* RECORDED DATA:

━━━━━━━━━━

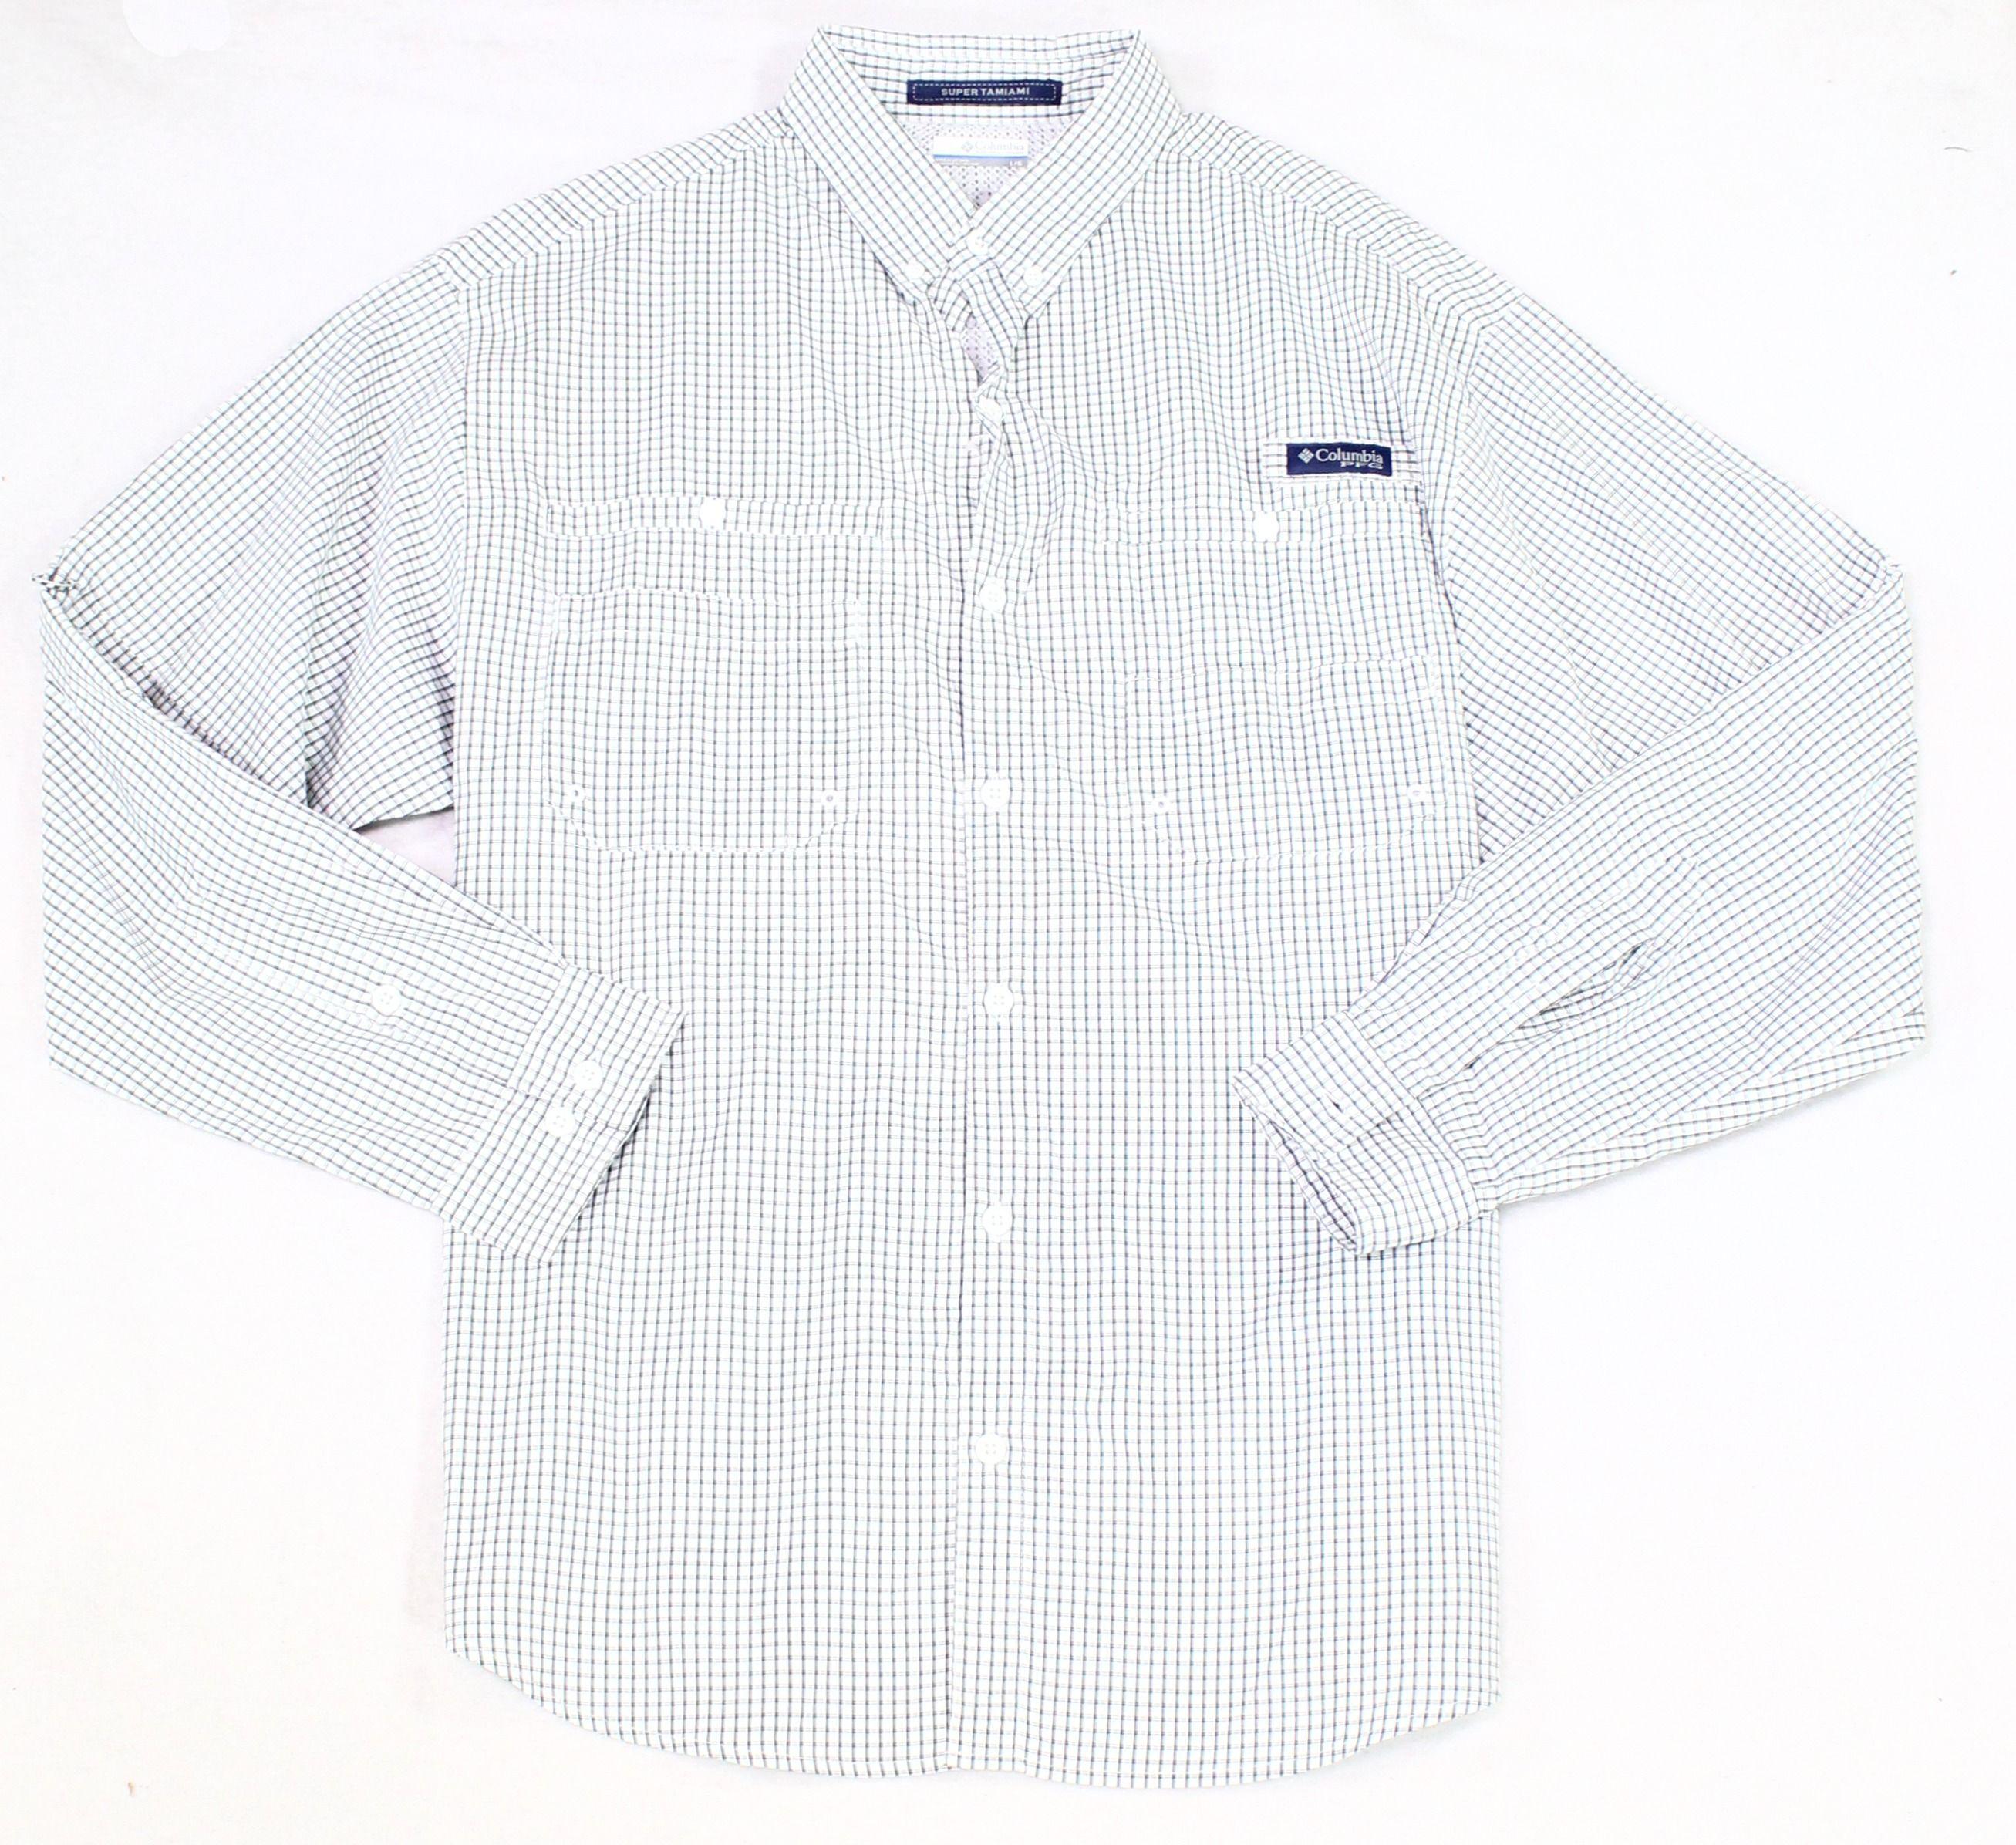 Columbia Mens Shirt White Size XL UPF 40 Check Tamiami Button Down
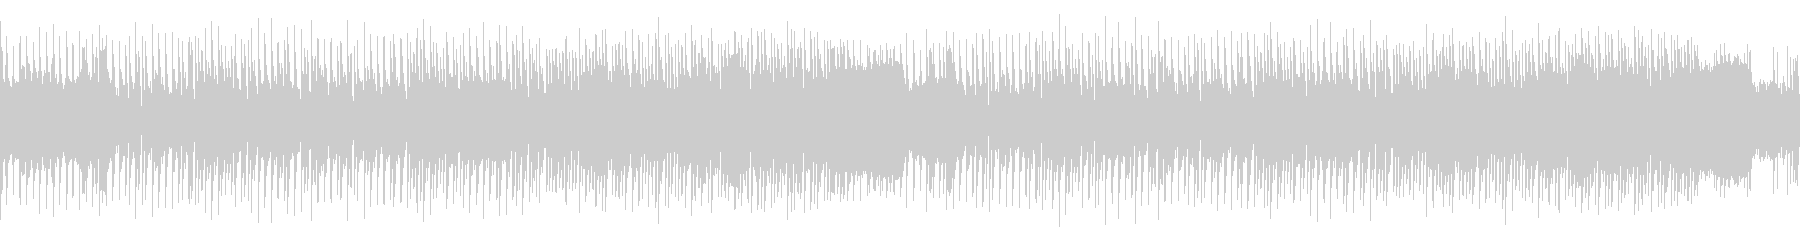 ループ・レトロゲーム風クールな感じの曲の未再生の波形
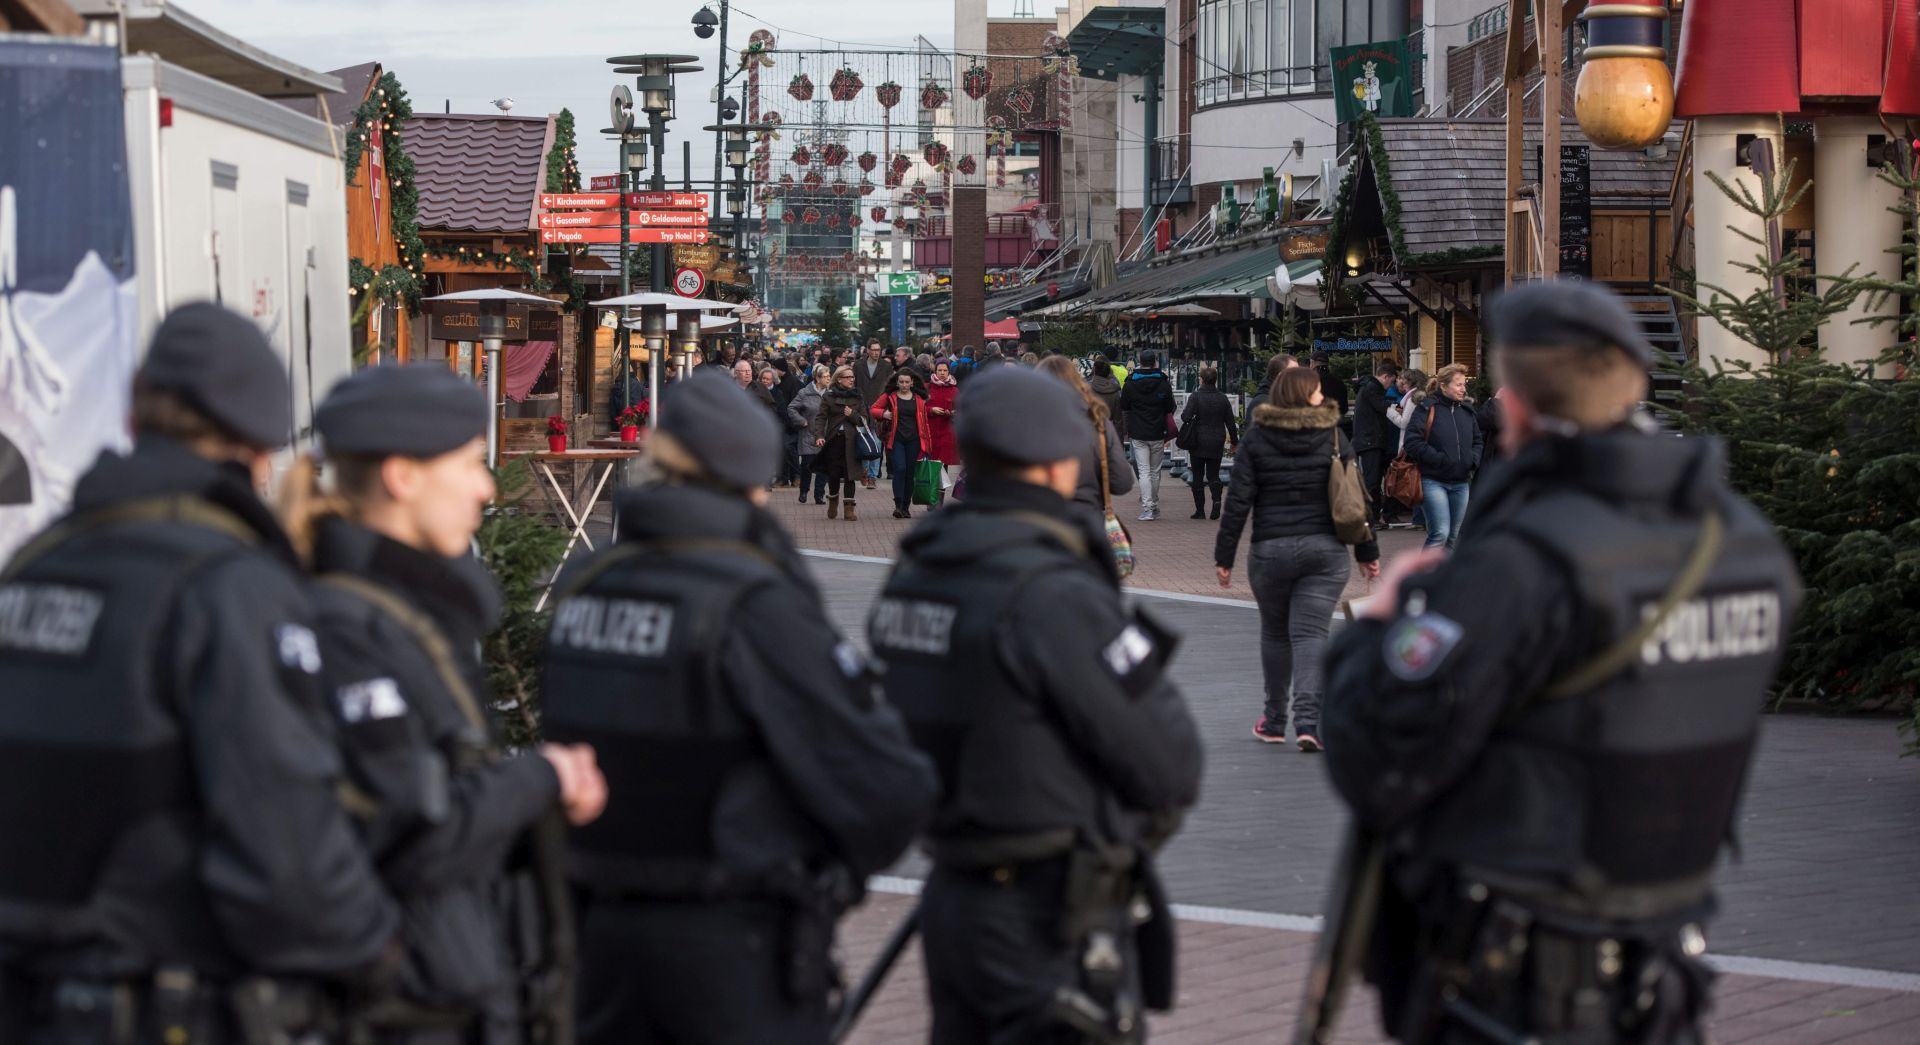 NAKON UDARA KRITIKA: Merkel naredila provjeru državnog sigurnosnog aparata

━━━━━━━━━━

* WHAT TO DO:
Minus its pictures, the full listing should be copied verbatim.

* SOLUTION TO THE PROBLEM:
 Columbia Mens Shirt White Size XL UPF 40 Check Tamiami Button Down
 ループ・レトロゲーム風クールな感じの曲の未再生の波形
 NAKON UDARA KRITIKA: Merkel naredila provjeru državnog sigurnosnog aparata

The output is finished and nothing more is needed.